Development of methionyl-tRNA synthetase inhibitors for Gram positive bacterial infections

Period of Performance: 08/03/2017 - 07/31/2018

$986K

Phase 2 SBIR

Recipient Firm

Tsrl, Inc.
Ann Arbor, MI 48108
Principal Investigator

Abstract

The objective of this research is to develop a novel antibiotic targeting Gram positive bacteria, with an initial clinical indication of acute bacterial skin and skin structure infections (ABSSSI). The research will address the urgent problem of antibiotic resistant bacteria that are spreading around the world. The new antibiotic is being designed to inhibit a novel target, the bacterial methionyl- tRNA synthetase enzyme that is required for protein synthesis. The type of enzyme found in Gram positive bacteria is different from the comparable enzyme in the human cytoplasm, thus making it possible to design selective and safe inhibitors.
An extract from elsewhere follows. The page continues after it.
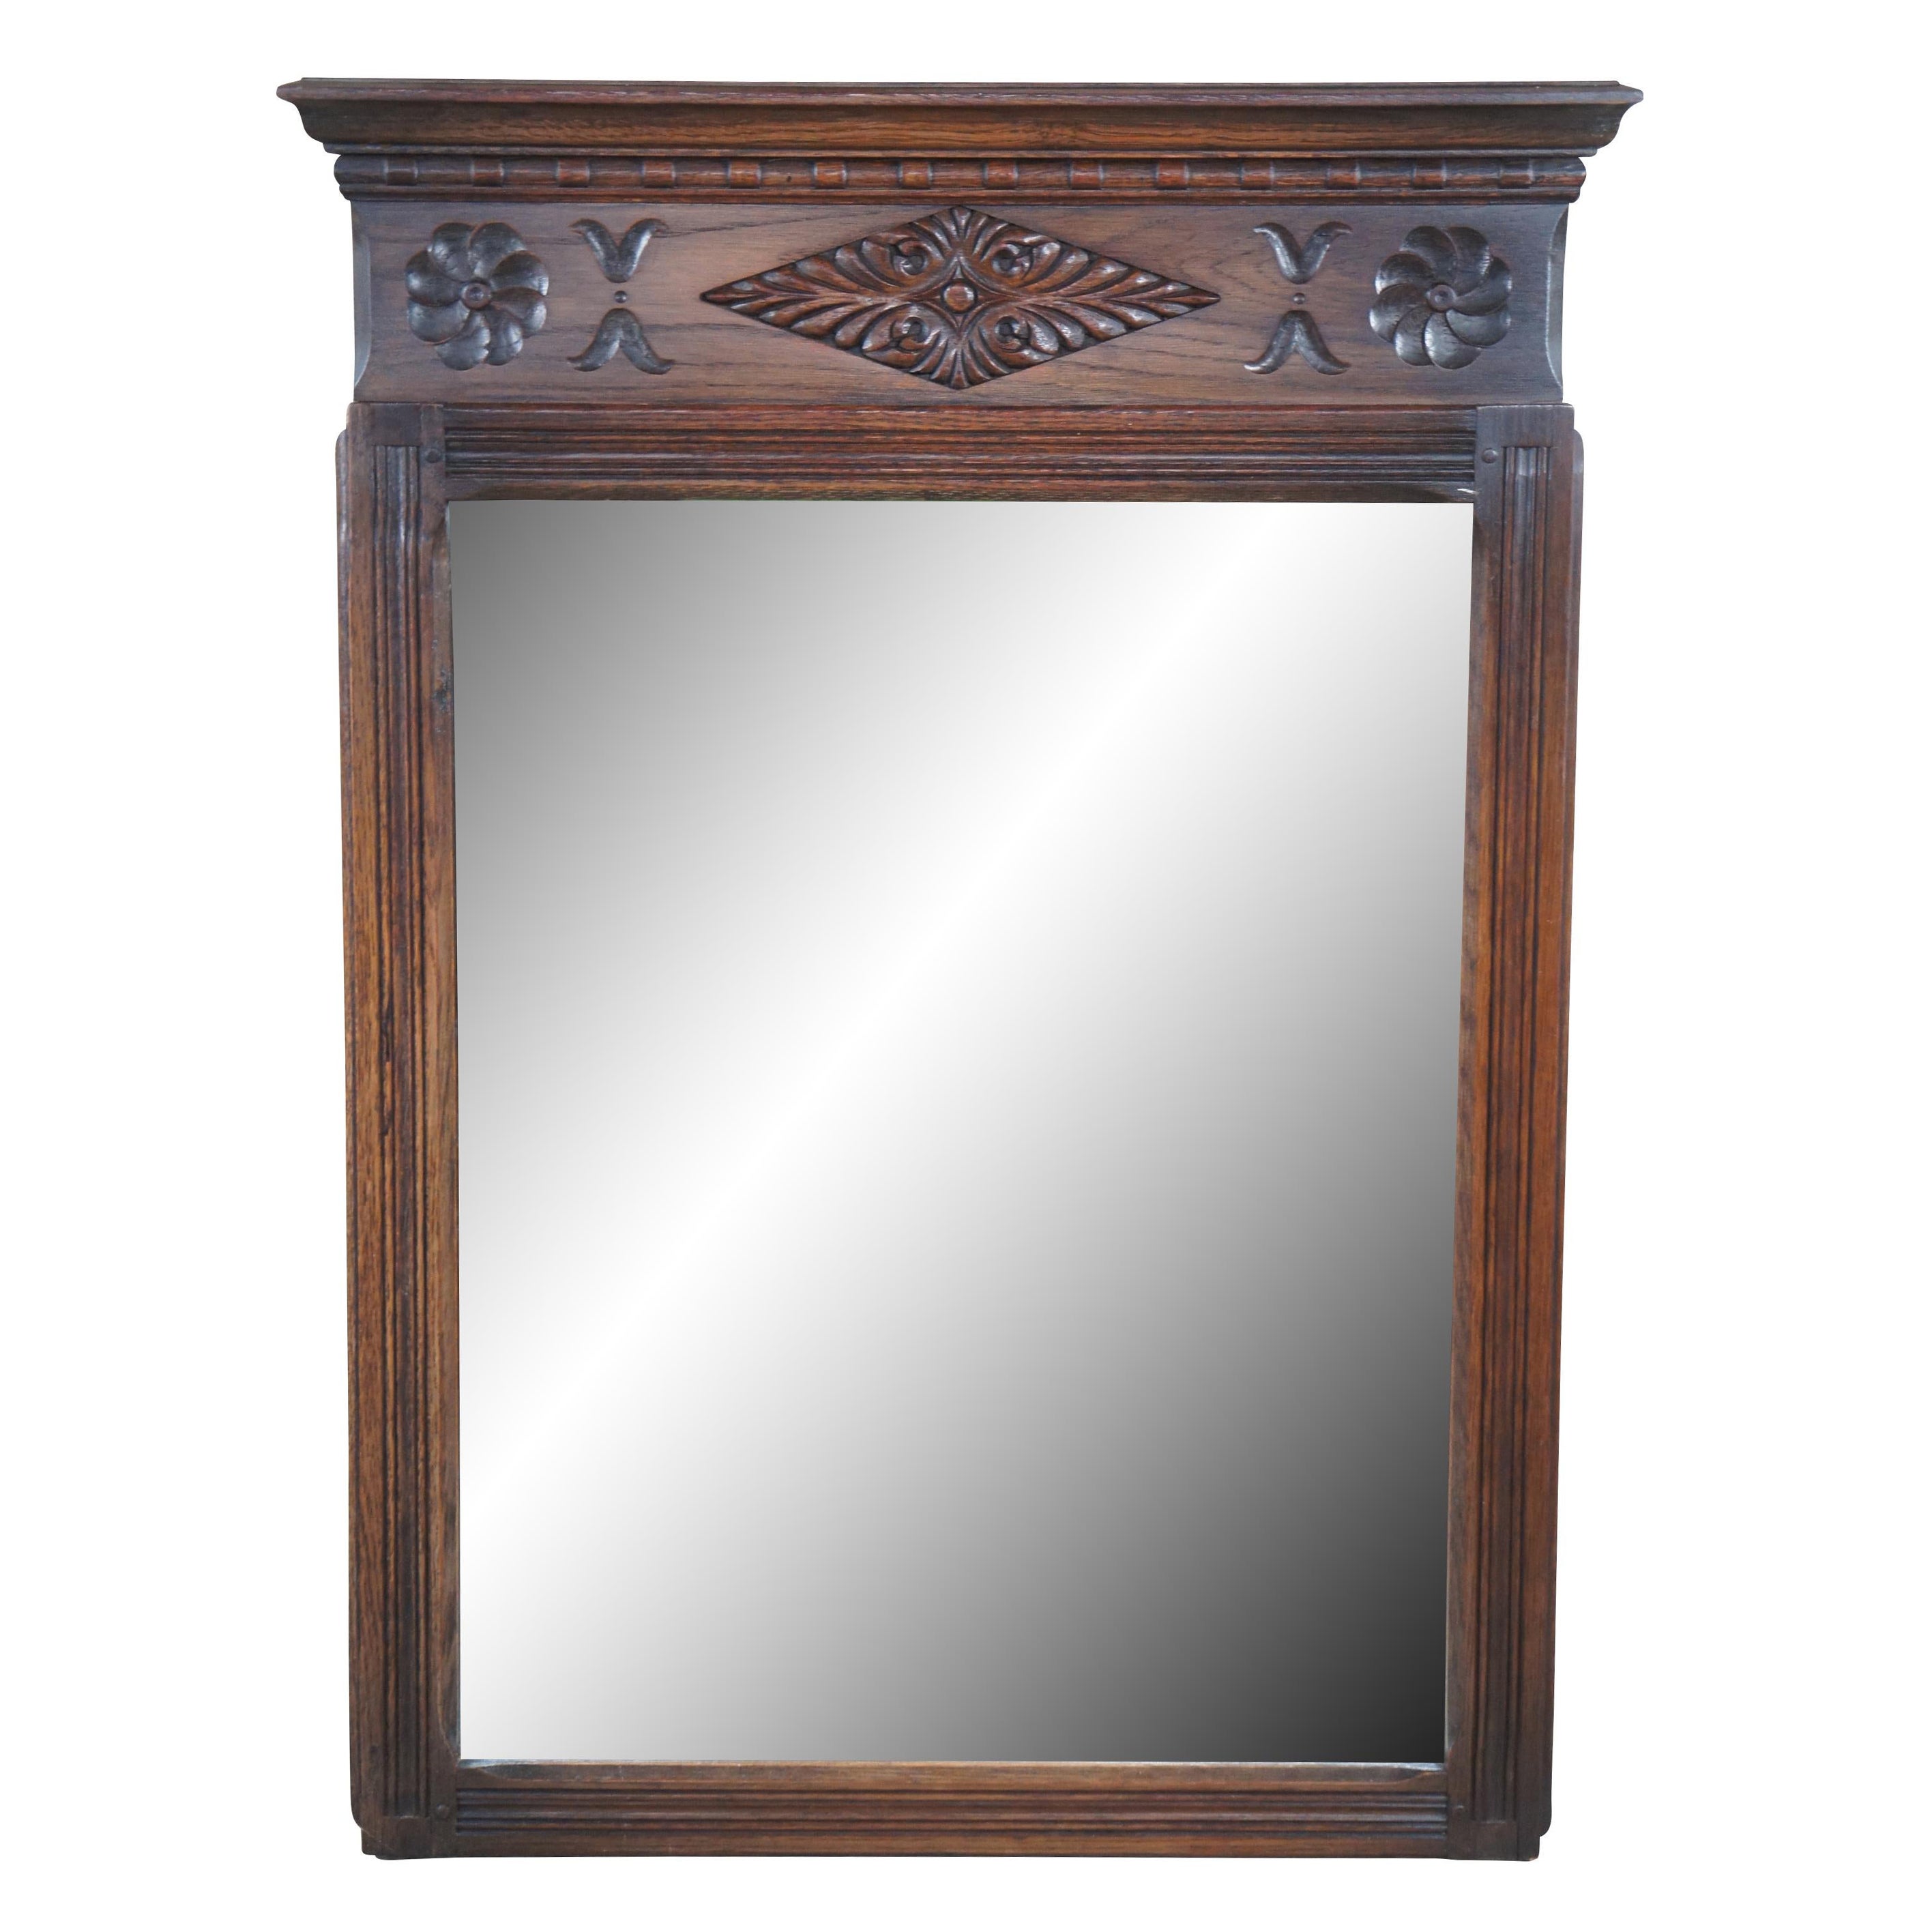 Antique Saginaw Furniture Jacobean Spanish Revival Oak Wall Hanging Mirror

In preliminary studies we have identified highly potent compounds against serious pathogens such as methicillin resistant Staphylococcus aureus (MRSA), vancomycin resistant Enterococcus faecium (VRE), Streptococcus species, and others. The minimum inhibitory concentrations (MICs) are below those of widely used drugs such as vancomycin and linezolid. The compounds have minimal toxicity on mammalian cells, are well tolerated in mice, are orally available and show efficacy in two mouse model of Staphylococcus infection comparable to linezolid. Specific Aim 1 will be to optimize the antibacterial, pharmacological, and safety properties of the compound in order to select a preclinical candidate. Approximately 150 new compounds will be synthesized and tested according to a screening cascade. The selected compound will pass safety tests such as Ames and hERG inhibition, and will demonstrate potent activity in the murine model of Staphylococcus infection. Specific Aim 2 will involve PK/ADME, in vivo efficacy testing in mice and in vitro toxicology studies to allow for identification of a lead candidate. This will be followed by definitive PK and exploratory toxicology studies in rats and evaluation of the lead candidate in additional efficacy studies (Aim 3). The scientific teams at University of Washington and TSRL have the combined expertise in chemistry, microbiology, pharmacology, and preclinical drug development to execute the proposed research plan. A successful project will bring forward a candidate drug in a novel antibiotic class to address the critical public health issue of bacterial drug-resistance.